• Assignment: Please print nothing but the lines from the one containing "Fave COD - Meizitang" to the final line below, exactly, and no pictures.

• Recorded information:

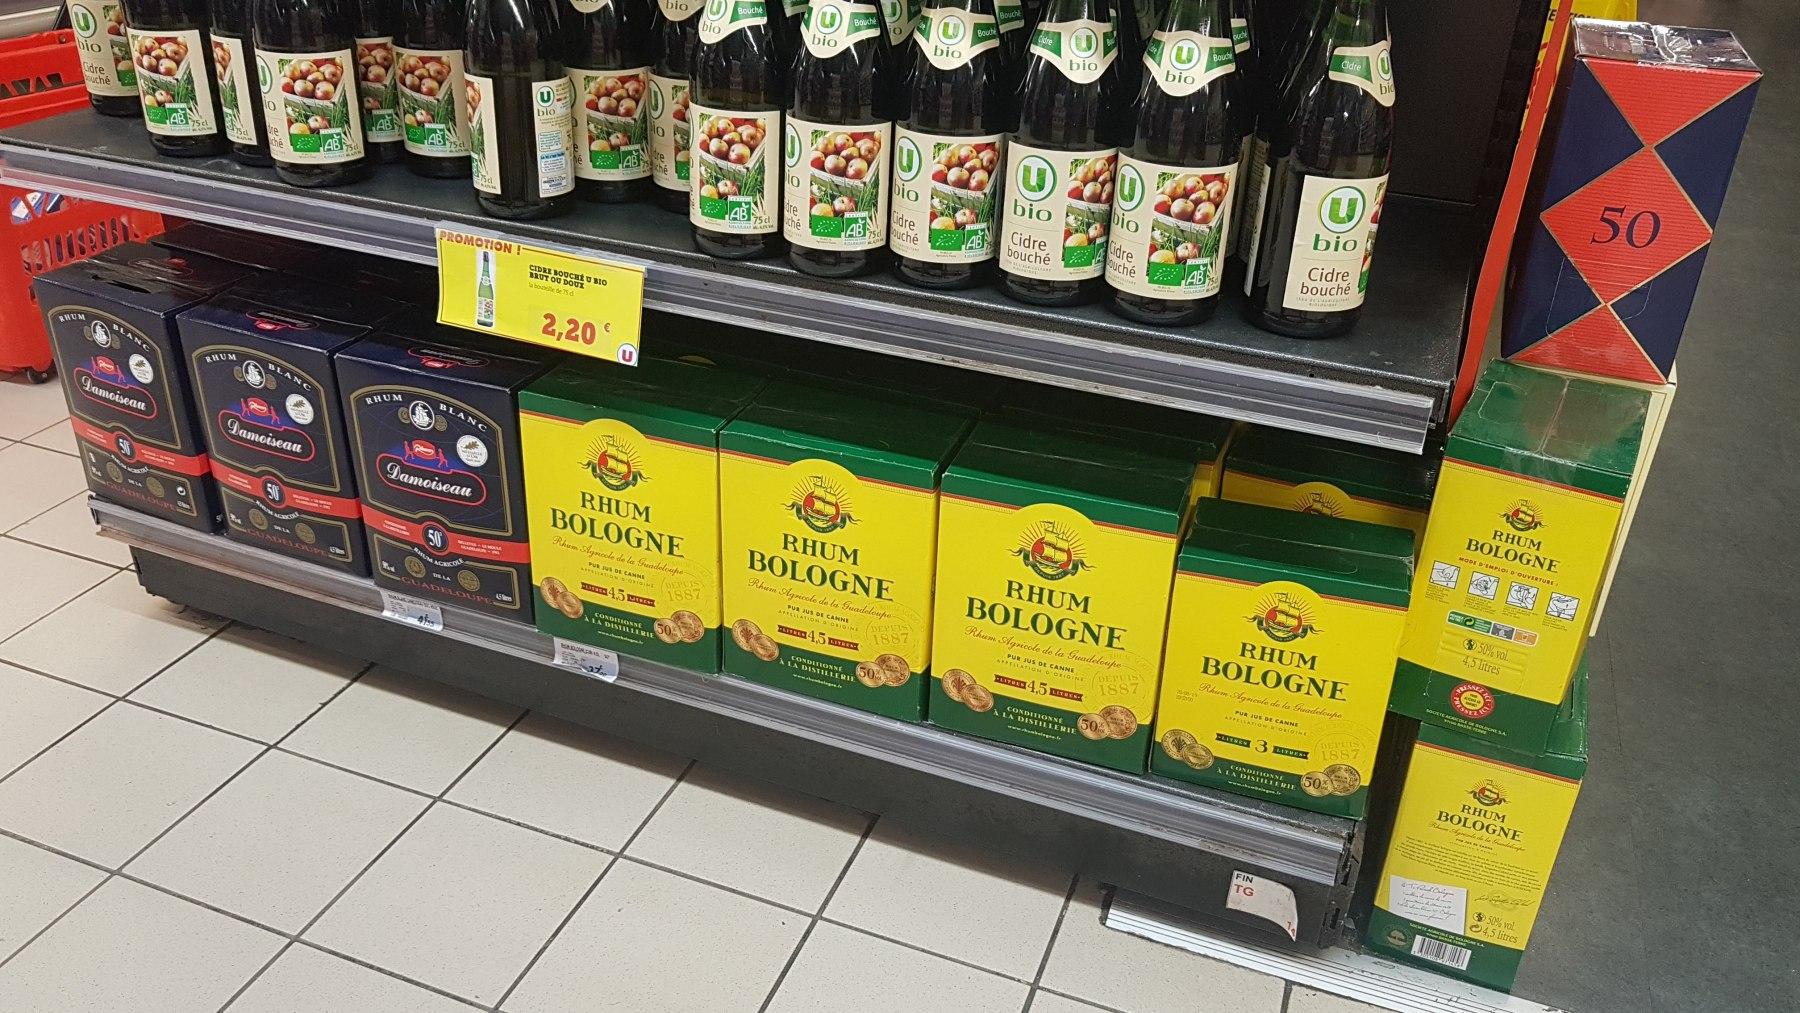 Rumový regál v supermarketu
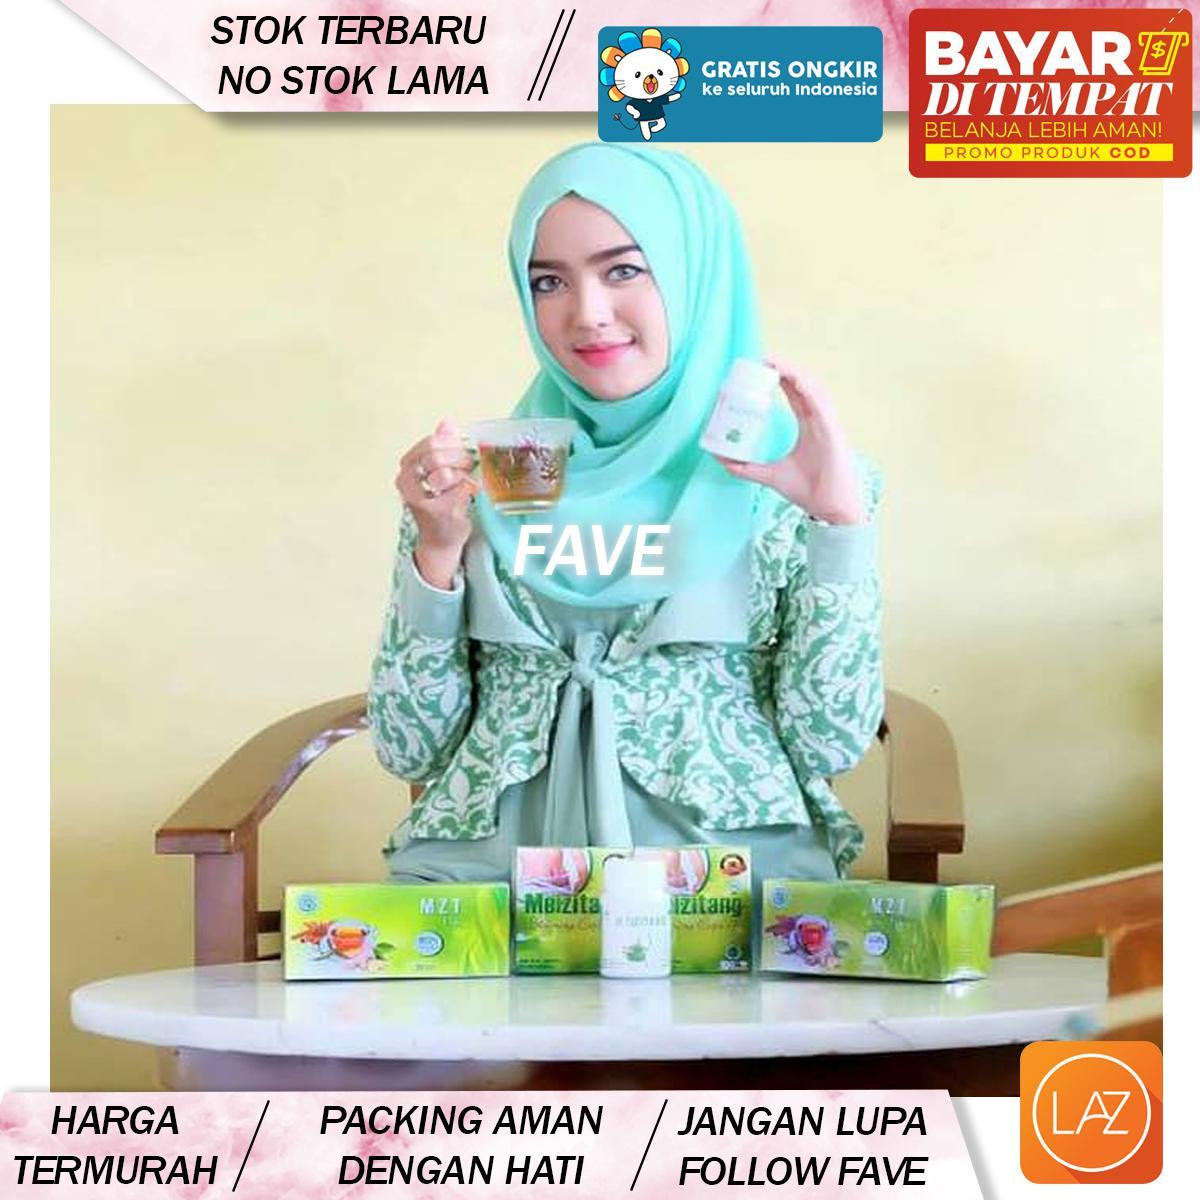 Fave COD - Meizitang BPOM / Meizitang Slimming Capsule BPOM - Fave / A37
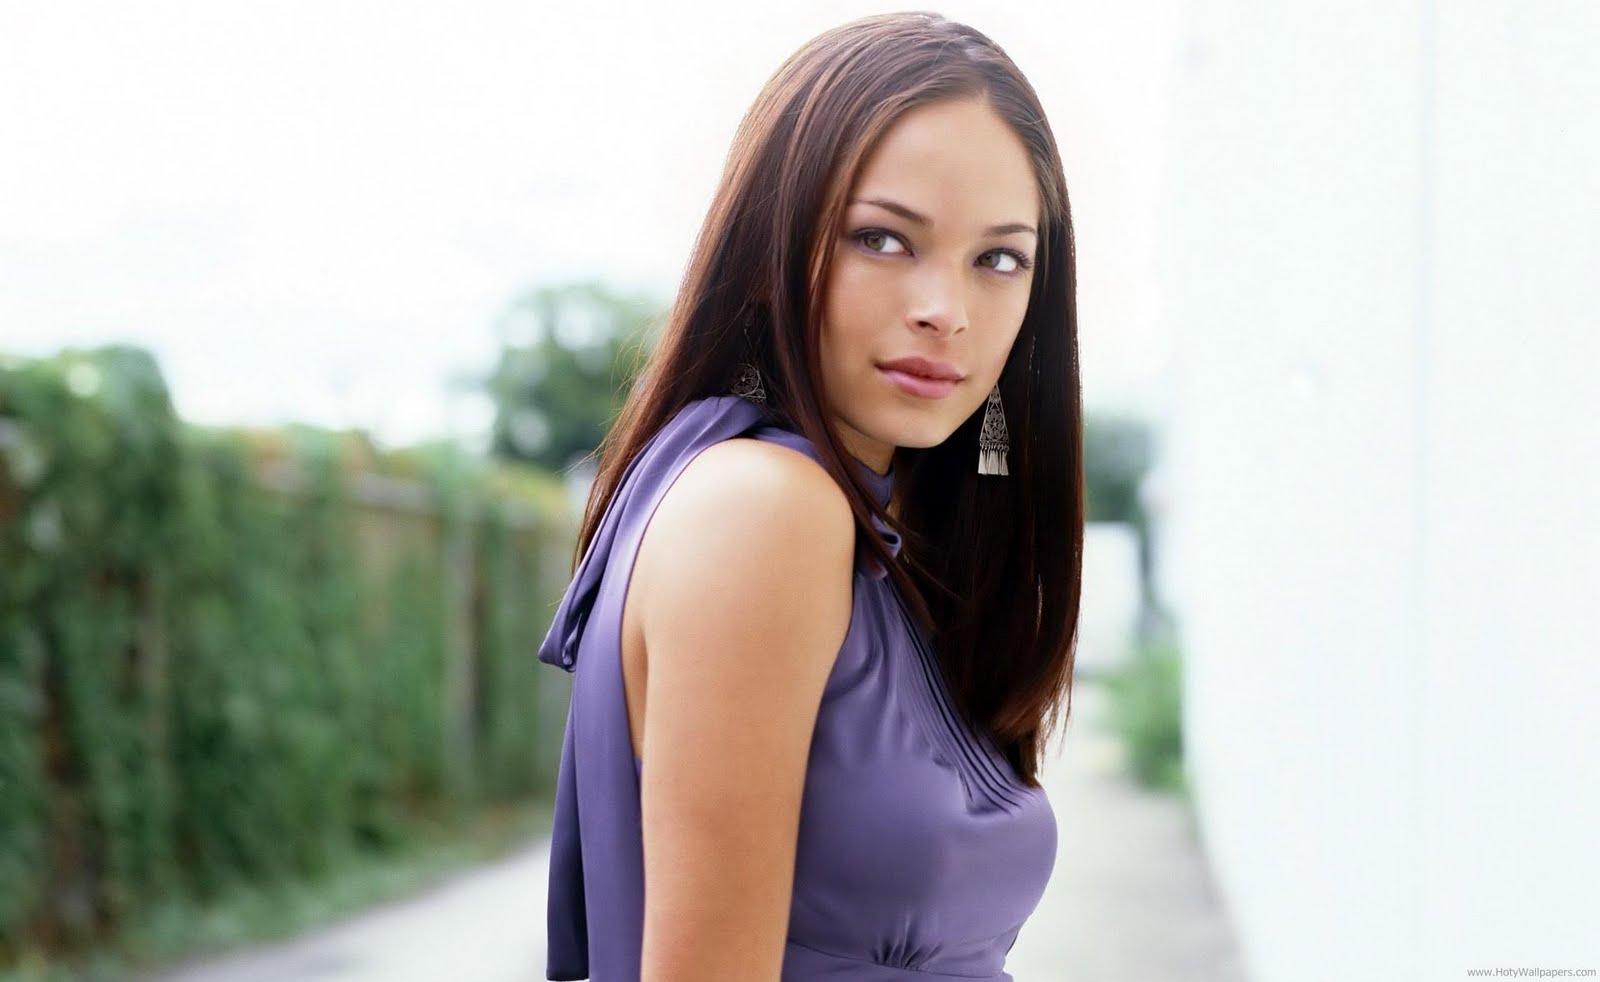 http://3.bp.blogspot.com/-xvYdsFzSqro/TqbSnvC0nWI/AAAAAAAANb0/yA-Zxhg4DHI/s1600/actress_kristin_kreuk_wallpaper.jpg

• Solution to this problem:
 Fave COD - Meizitang BPOM / Meizitang Slimming Capsule BPOM - Fave / A37
 http://3.bp.blogspot.com/-xvYdsFzSqro/TqbSnvC0nWI/AAAAAAAANb0/yA-Zxhg4DHI/s1600/actress_kristin_kreuk_wallpaper.jpg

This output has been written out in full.